Location: Crop Germplasm Research

Title: Evaluating introgression sorghum germplasm selected at the population level while exploring genomic resources as a screening method

item WINANS, NOAH - Texas A&M University
item Klein, Robert - Bob
item FONSECA, JALES - Texas A&M University
item KLEIN, PATRICIA - Texas A&M University
item ROONEY, WILLIAMS - Texas A&M University

Submitted to: Plants
Publication Type: Peer Reviewed Journal
Publication Acceptance Date: 1/13/2023
Publication Date: 1/13/2023
Citation: Winans, N.D., Klein, R.R., Fonseca, J.M., Klein, P.E., Rooney, W.L. 2023. Evaluating introgression sorghum germplasm selected at the population level while exploring genomic resources as a screening method. Plants. Article e12030444.
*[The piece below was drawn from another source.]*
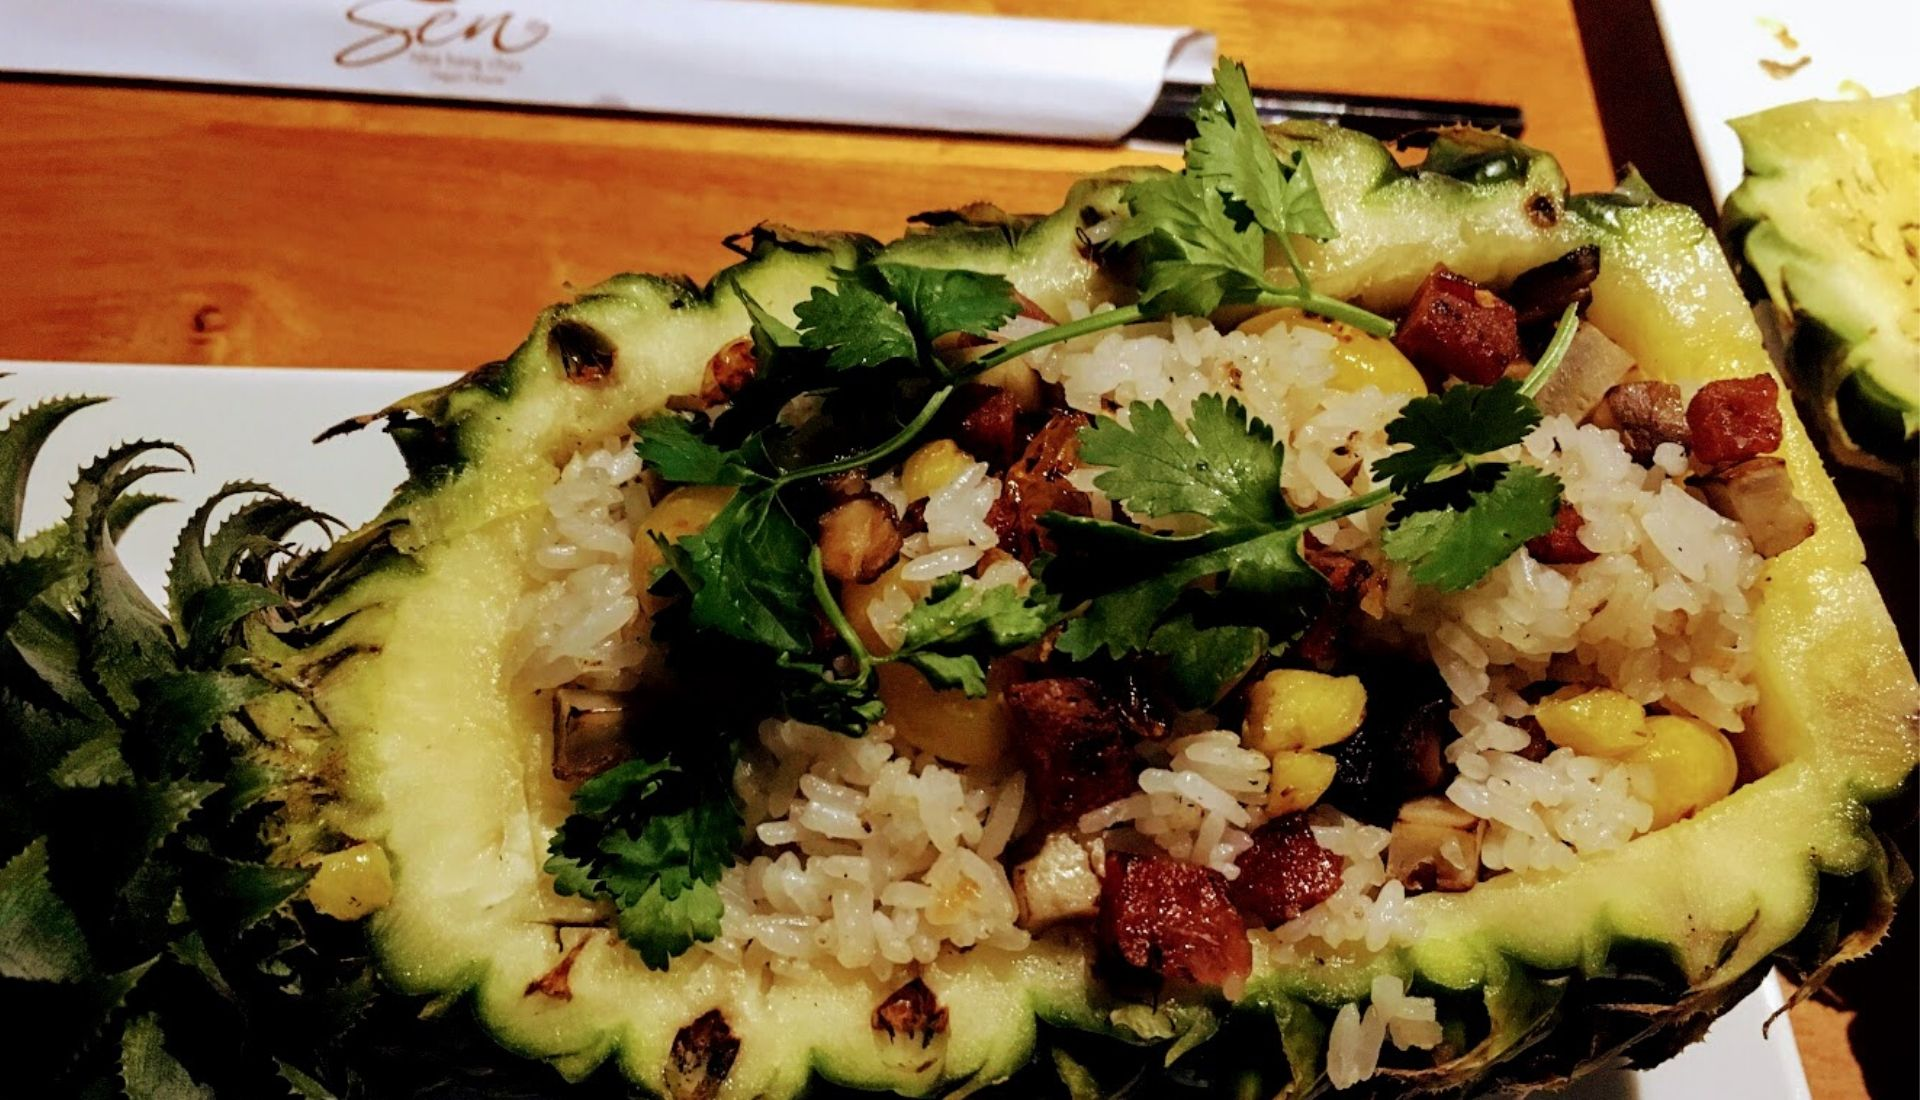 Vegetarian food at Sen Restaurant

Interpretive Summary: The yield potential in grain sorghum hybrids has increased at a slower rate than other cereal crops including its close relative maize. While there are many reasons for this lag, increasing hybrid performance through genomic selection has the potential to accelerate the rate of genetic gain in sorghum to levels that parallel gains in hybrid maize. To address this issue, we implemented a pilot program to predict hybrid grain yield performance in genetically diverse populations of sorghum using genome prediction models. This study will provide the necessary knowledge to breeders who work to exploit genomic technologies in improving grain yield of hybrid cereal crops including sorghum.

Technical Abstract: To exploit the novel genetic diversity residing in tropical sorghum germplasm, an expansive backcross nested-association mapping (BC-NAM) resource was developed in which novel genetic diversity was introgressed into elite inbreds. A major limitation to exploiting this type of genetic resource in hybrid improvement programs is the required evaluation in hybrid combination of the vast number of populations and lines. To address this, the utility of genomic information was evaluated to predict the hybrid performance of BC-NAM populations. Two agronomically-elite BC-NAM populations were chosen for evaluation in which elite inbred RTx436 was the recurrent parent. Each BC-NAM line was evaluated in hybrid combination with an elite tester in two locations with phenotypes of grain yield, plant height, and days to anthesis collected on all test cross hybrids. Lines from both populations were found to outperform their recurrent parent. Efforts to utilize genetic distance based on genotyping-by-sequence as a predictive tool for hybrid performance was ineffective. However, utilizing genomic prediction models using additive and dominance GBLUP kernels to screen germplasm appeared to be an effective method to eliminate inferior-performing lines that will not be useful in a hybrid breeding program.